L'uscita del Qatar dall'OPEC avrà delle conseguenze ridotte
Shah (WisdomTree): ci aspettiamo che si riduca la produzione per contrastare la flessione dei prezzi. Gli attuali livelli appaiono insostenibilmente elevati
Oggi il settore delle commodity è in fermento. Le correzioni al rialzo arrivano dopo il G20 che si è concluso lo scorso weekend. Gli Stati Uniti hanno ammorbidito la propria posizione sul commercio con la Cina, offrendo una tregua di 90 giorni sul rincaro delle tariffe che sarebbe dovuto entrare in vigore su 200 miliardi di dollari di importazioni. La Cina ha altresì espresso la volontà di ridurre le accise sulle automobili americane e l'impegno ad importare una quantità non dichiarata di prodotti agricoli americani.

La Russia e l'Arabia Saudita hanno concordato di voler continuare la loro cooperazione nella gestione dell'approvvigionamento petrolifero nel 2019; crediamo che questa collaborazione sia un anticipo della decisione di tagliare l'offerta che verrà presa dall'Organizzazione degli esportatori di greggio (OPEC) nel suo incontro di questa settimana. L'uscita del Qatar dall'OPEC a gennaio (annunciata il weekend scorso) non avrà un impatto significativo se l'Arabia Saudita e la Russia, rispettivamente il membro e il partner più grandi dell'Organizzazione, spingeranno per i tagli alle forniture. Inoltre, la provincia canadese dell'Alberta, in una mossa non convenzionale per un territorio associato che non fa parte dell'OPEC, ha annunciato che taglierà la produzione di petrolio, decisione che controbilancerà qualsiasi effetto negativo dell'uscita del Qatar.
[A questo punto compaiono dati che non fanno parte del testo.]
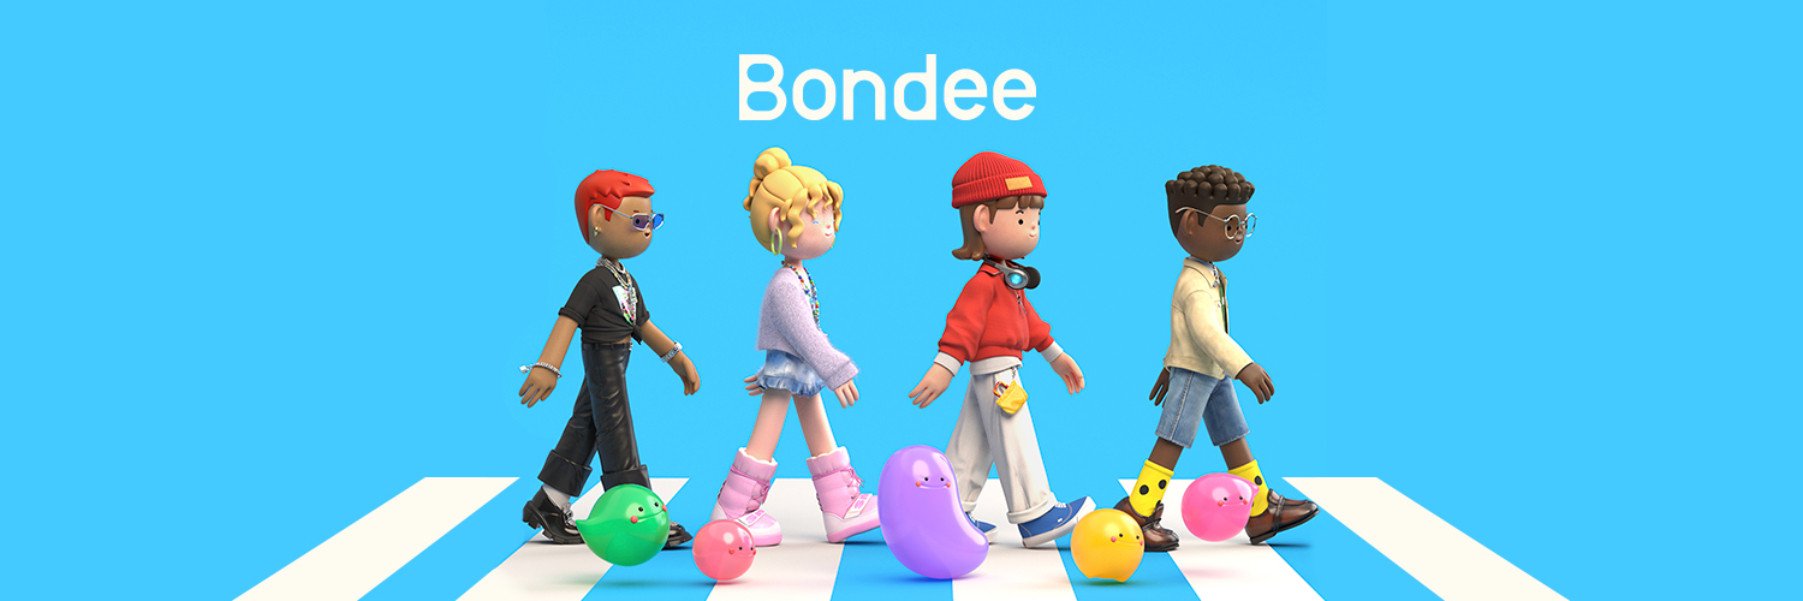 Bondee app. Photo: Facebook/Bondee ID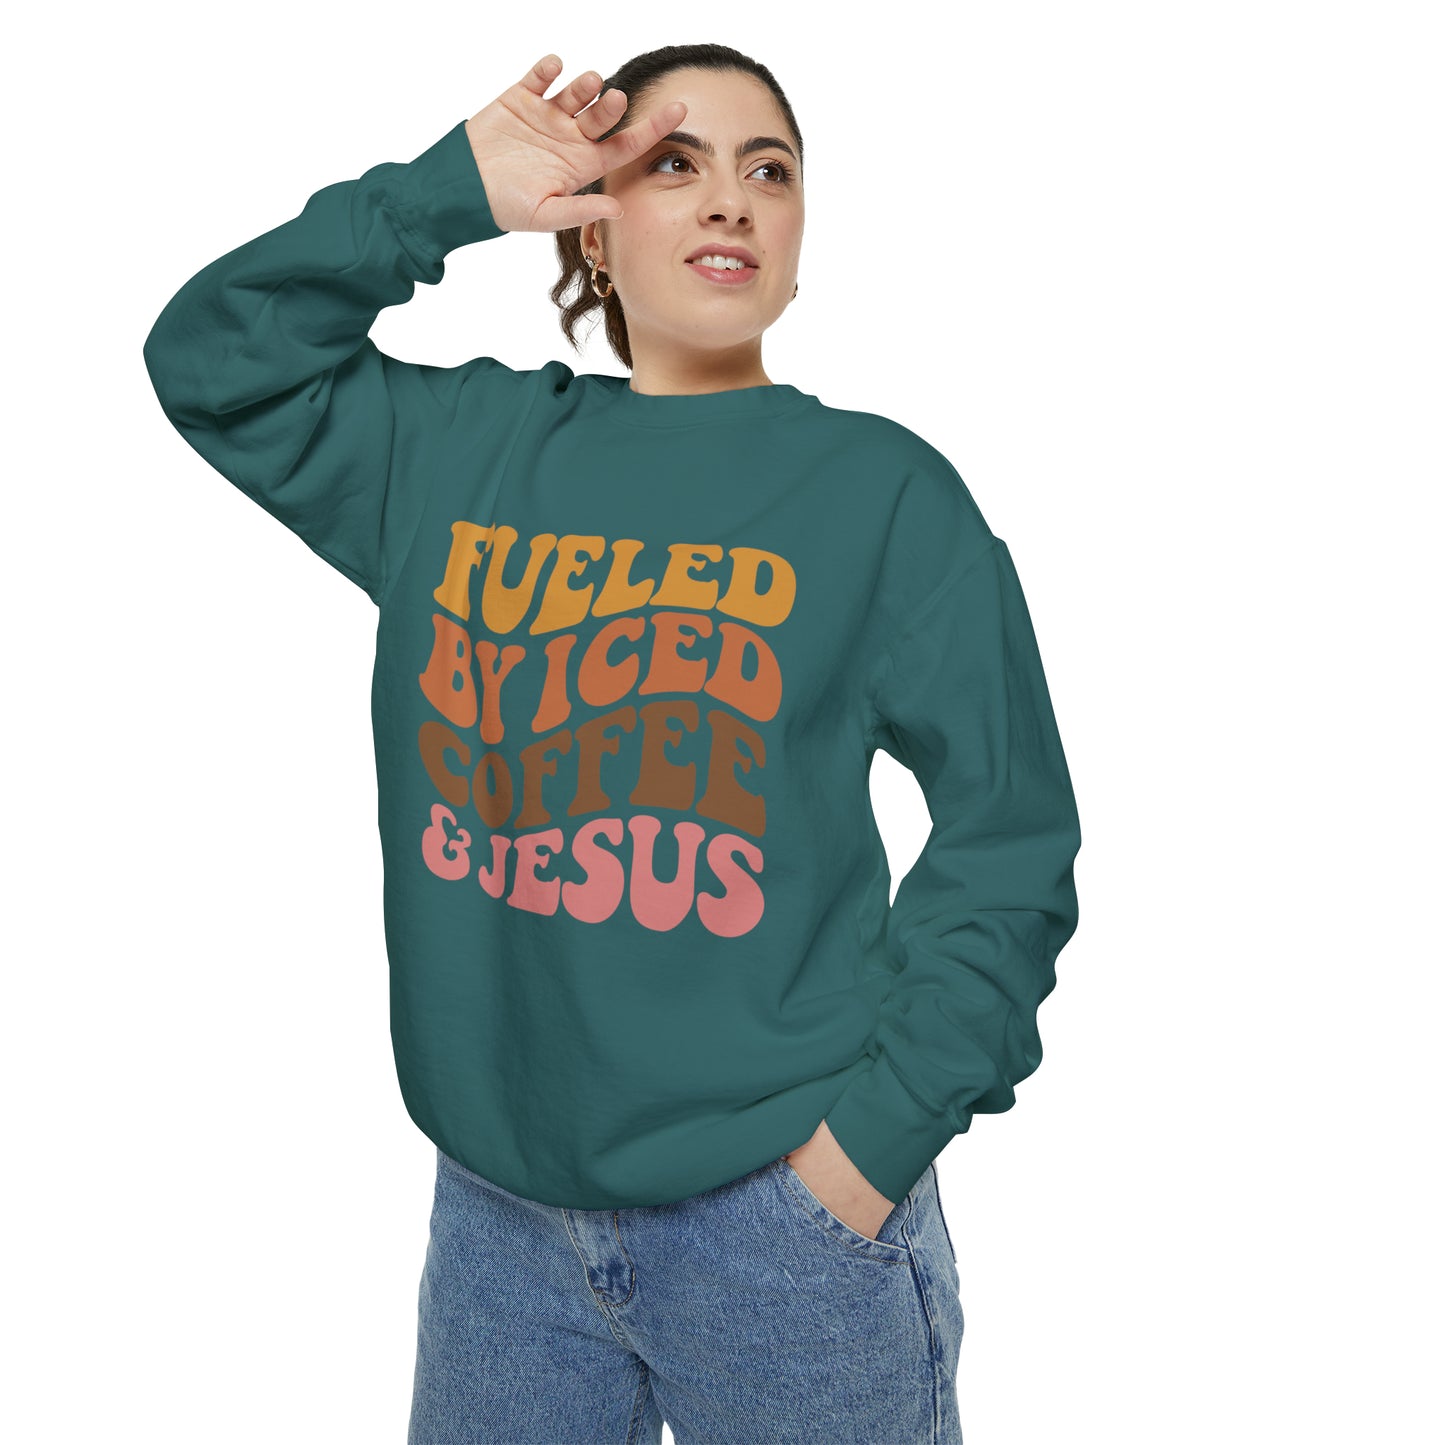 Fueled By Iced Coffee and Jesus | Jesus Sweatshirt

OPEC: déjà vu? No, thank you!
Nell'ultimo mese le quotazioni del Brent sono diminuite del 23% a causa dei timori per un eccesso di offerta sul mercato del petrolio. Questo crollo improvviso ricorda in maniera inquietante l'esperienza del novembre 2014. Tuttavia, a differenza di quanto accaduto allora, riteniamo che alla riunione del 6 dicembre 2018 l'Organizzazione dei paesi esportatori di petrolio (OPEC) interverrà per arginare la flessione delle quotazioni. L'esperienza del cartello nel periodo 2014-2016 è stata talmente sgradevole che difficilmente il gruppo vorrà tornare a una fase di debolezza dei prezzi. Inoltre, il contesto di oggi è molto diverso. Nel 2014 era stata l'OPEC stessa a orchestrare la diminuzione dei prezzi del petrolio per indispettire gli Stati Uniti e altri produttori ad alto costo. Questa volta sembra che la debolezza delle quotazioni sia dovuta principalmente all'espansione della produzione statunitense. Gli eventi del 2014 hanno dimostrato che il cartello non può fermare la crescita della produzione USA. Facendo tesoro di questa esperienza, è improbabile che l'OPEC voglia mantenere elevati i livelli di produzione per difendere la propria quota di mercato; piuttosto cercherà di tenere alti i prezzi per preservare le proprie entrate fiscali.